To get much smarter while remaining aligned, a human might need to build a CEV, or figure out something better, which might still require building a quasi-CEV (of dath ilan variety this time). A lot of this could be done at human level by figuring out nanotech and manufacturing massive compute for simulation. A paperclip maximizer just needs to build a superintelligence that maximizes paperclips, which might merely require more insight into decision theory, and any slightly-above-human-level AGI might be able to do that in its sleep. The resulting agent would eat the human-level CEV without slowing down.
I’m sorry, you lost me, or maybe we are simply speaking past each other? I am not sure where the human comparison is coming from—the scenario I was concerned with was not an AI beating a human, but an unaligned AI beating an aligned one.

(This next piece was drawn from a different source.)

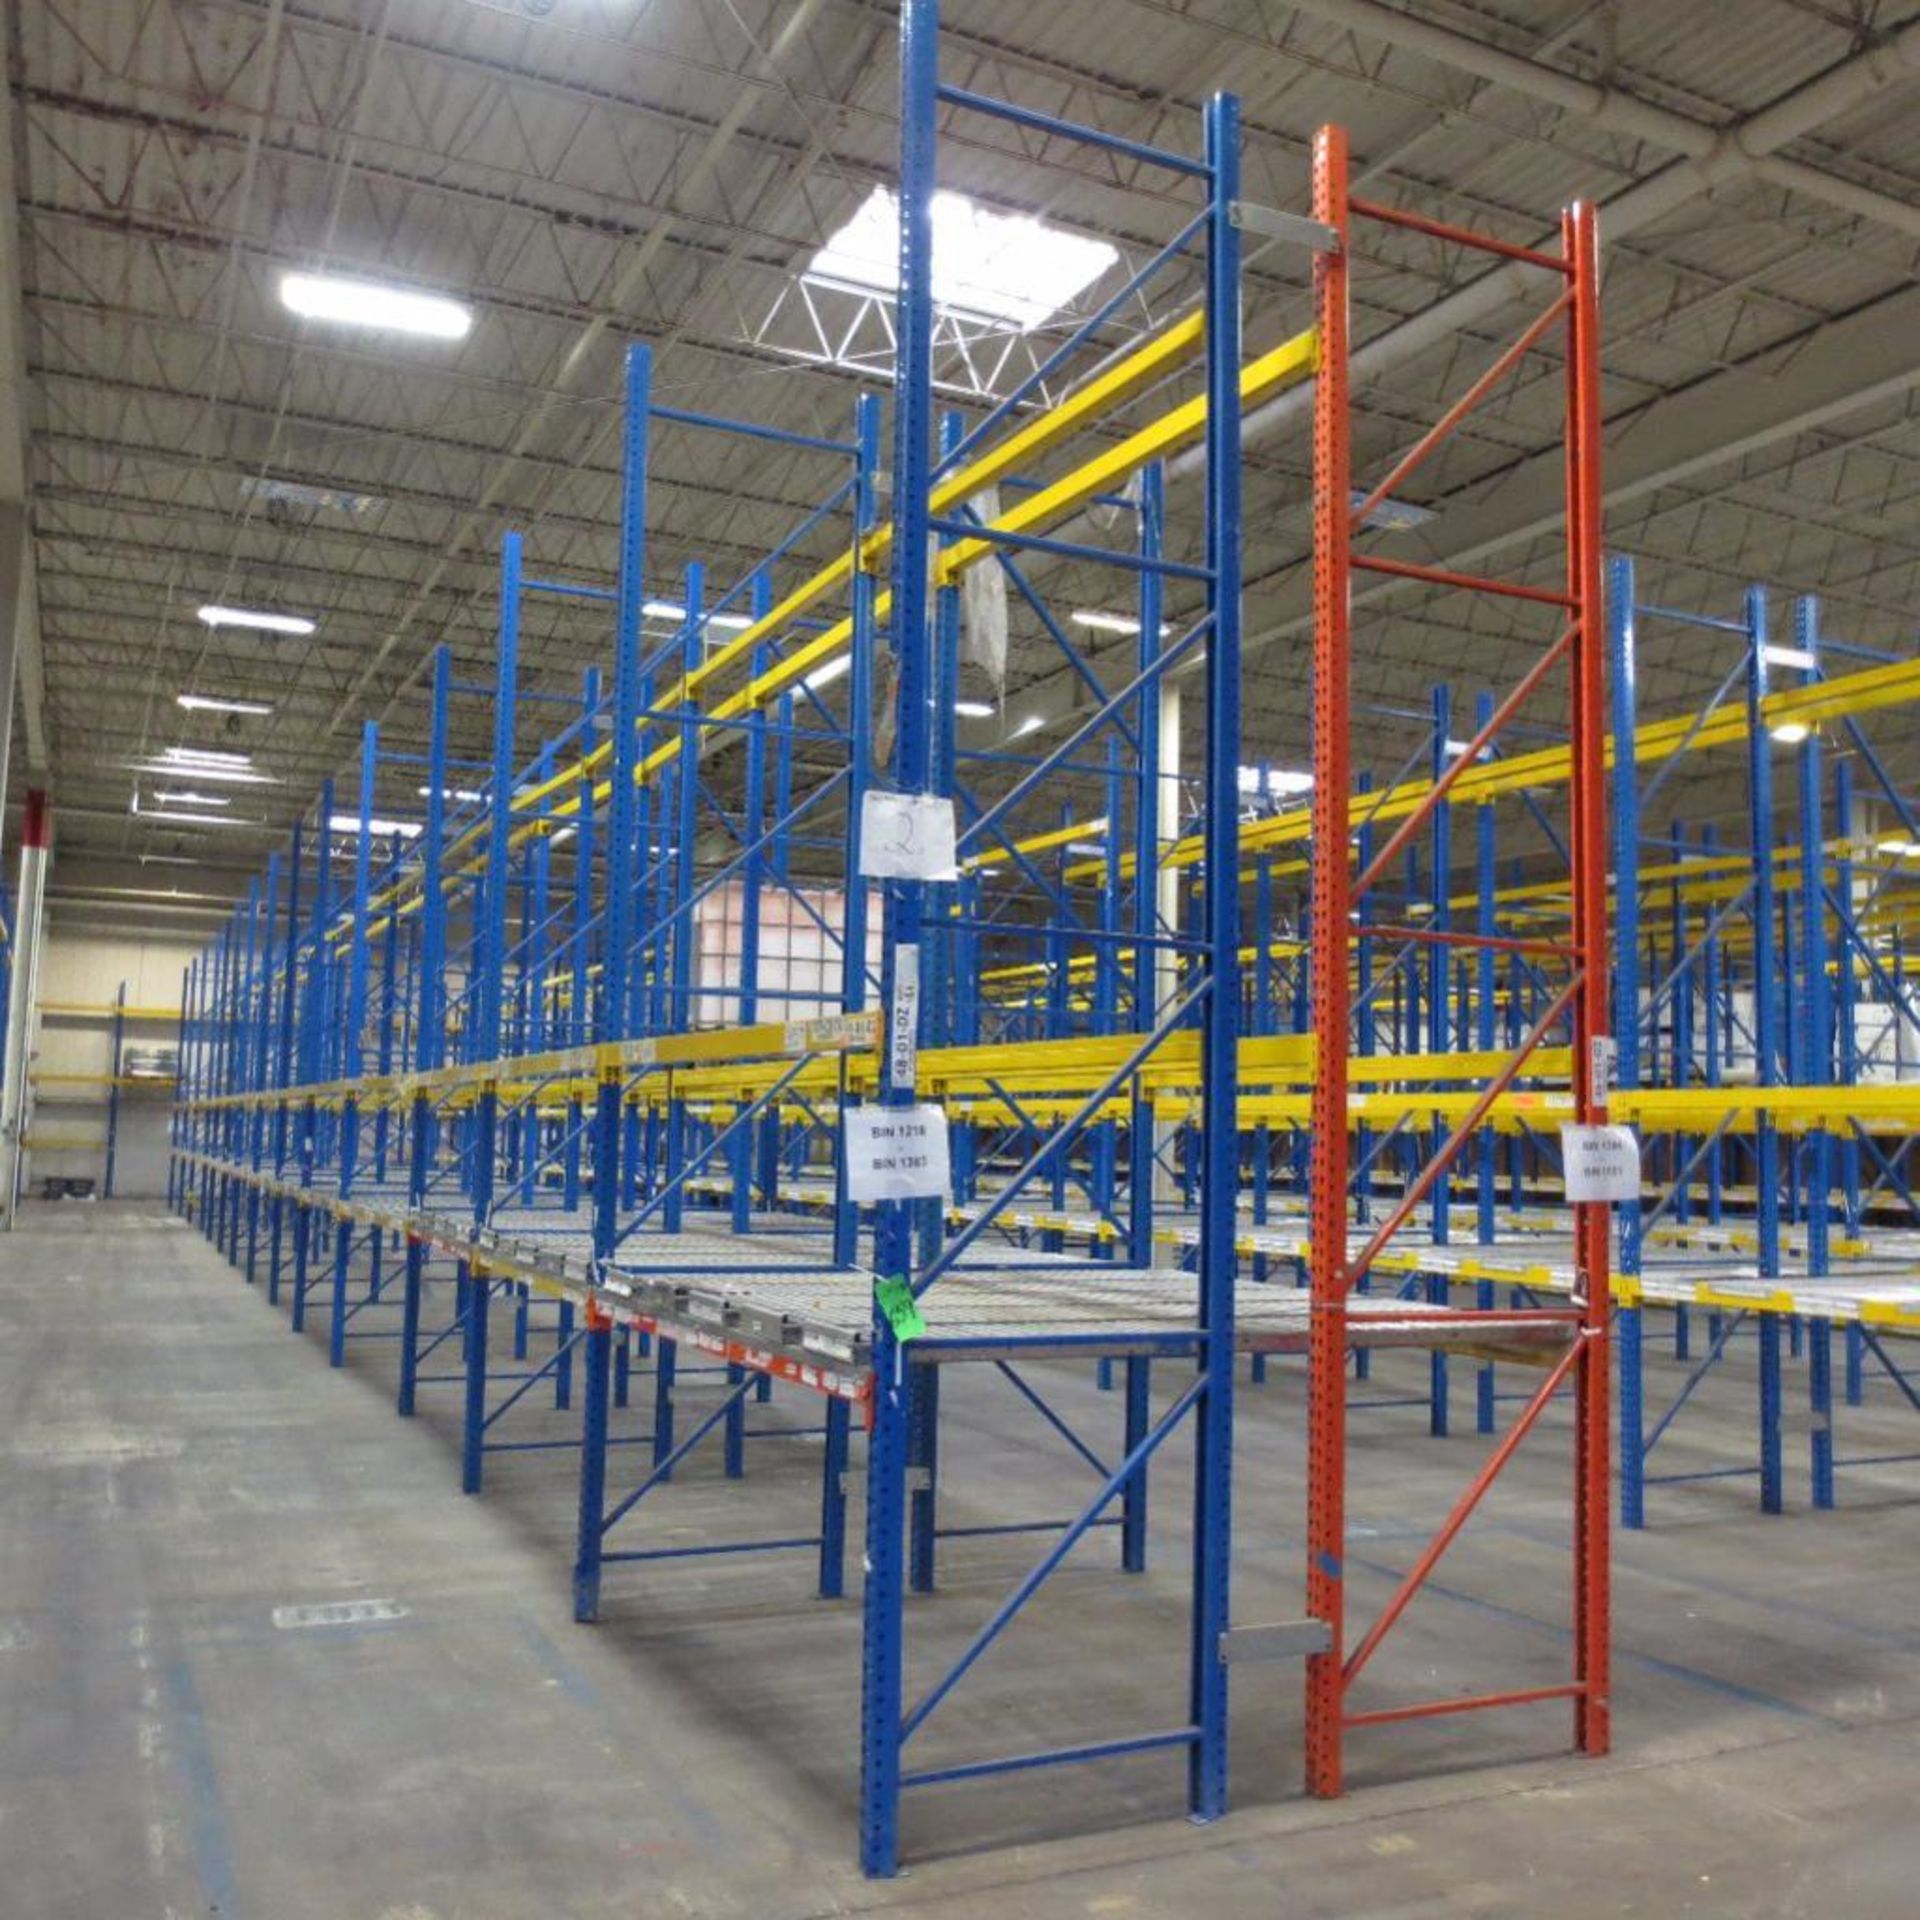 (28) Section of Pallet Racking, (30) Legs 16' X 42", Apx. 111 Cross Beams 8', (70) Pallet Roller Con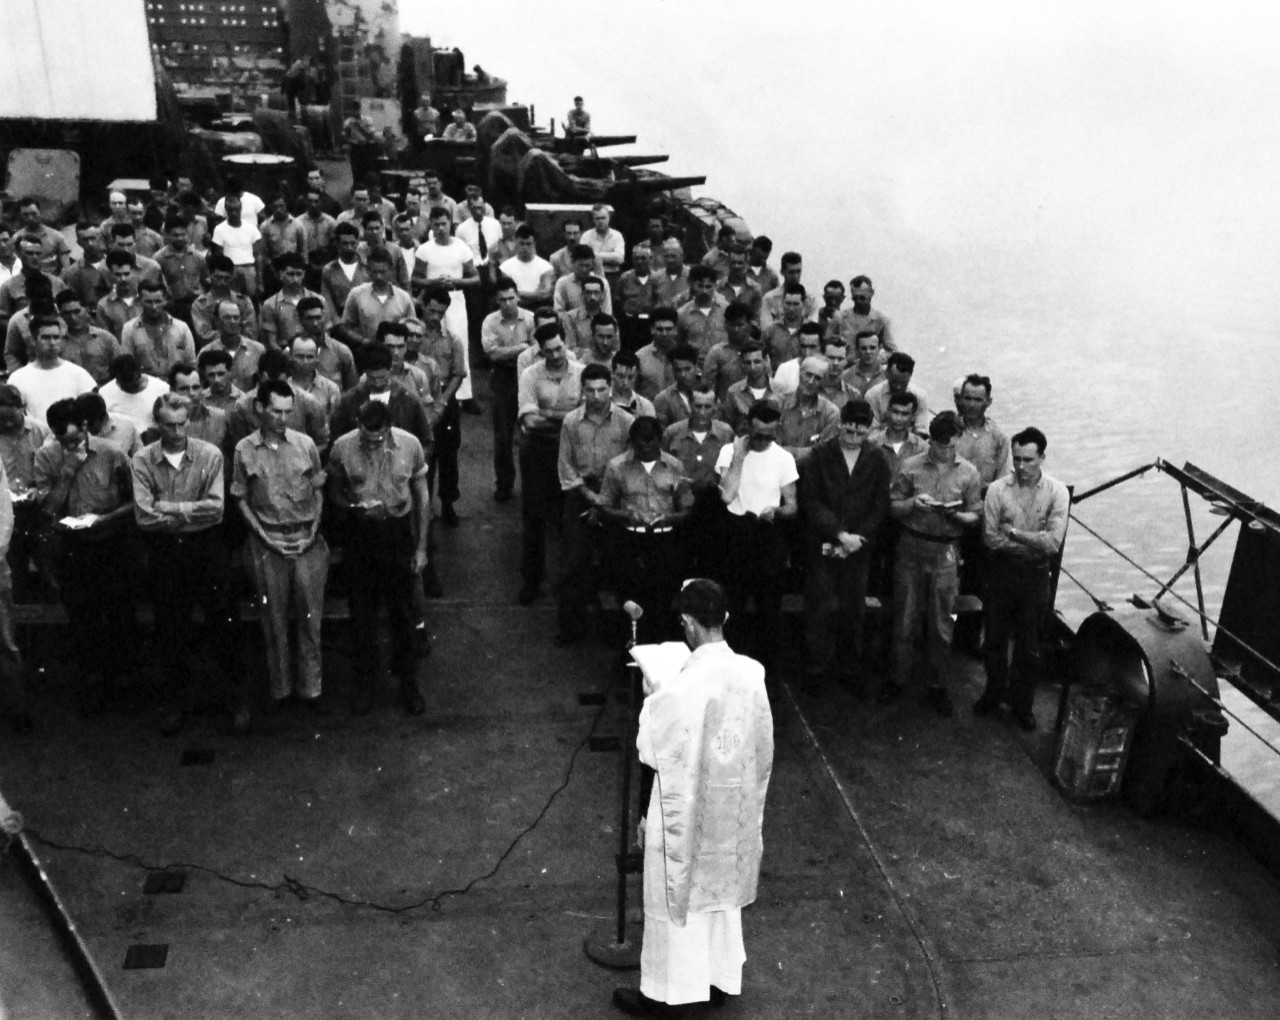 80-G-344561:  Allied Prisoners of War, 1945.    Major Albert W. Braun, U.S. Army Chaplain, holding divine services aboard ship.  Major Braun was captured by the Japanese at Corregidor on May 5, 1942, but the Japanese allowed him to conduct services in bath houses and Philippine natives helped getting altar supplies for him.  Photograph released September 24, 1945.  Official U.S. Navy photograph, now in the collections of the National Archives.   (2015/11/24).

Let me rephrase my question: in the context of the AIs we are building, if there are alignment measures that slow down capabilities a lot (e.g. measures like “if you want a safe AI, stop giving it capabilities until we have solved a number of problems for which we do not even have a clear idea of what a solution would look like),
and alignment measures that do this less (e.g. “if you are giving it more training data to make it more knowledgable and smarter, please make it curated, don’t just dump in 4chan, but reflect on what would be really kick-ass training data from an ethical perspective”, “if you are getting more funding, please earmark 50 % for safety research”, “please encourage humans to be constructive when interacting with AI, via an emotional social media campaign, as well as specific and tangible rewards to constructive interaction, e.g. through permanent performance gains”, “set up a structure where users can easily report and classify non-aligned behaviour for review”, etc.),
and we are really worried that the first superintelligence will be non-aligned by simply overtaking the aligned one,
would it make sense to make a trade-off as to which alignment measures we should drop, and if so, where would that be?
Basically, if the goal is “the first superintelligence should be aligned”, we need to work both on making it aligned, and making it the first one, and should focus on measures that are ideally promoting both, or at least compatible with both, because failing on either is a complete failure. A perfectly aligned but weak AI won’t protect us. A latecoming aligned AI might not find anything left to save; or if the misaligned AI scenario is bad, albeit not as bad as many here fear (so merely dystopian), our aligned AI will still be at a profound disadvantage if it wants to change the power relation.
Which is back to why I did not sign the letter asking for a pause—I think the most responsible actors most likely to keep to it are not the ones I want to win the race.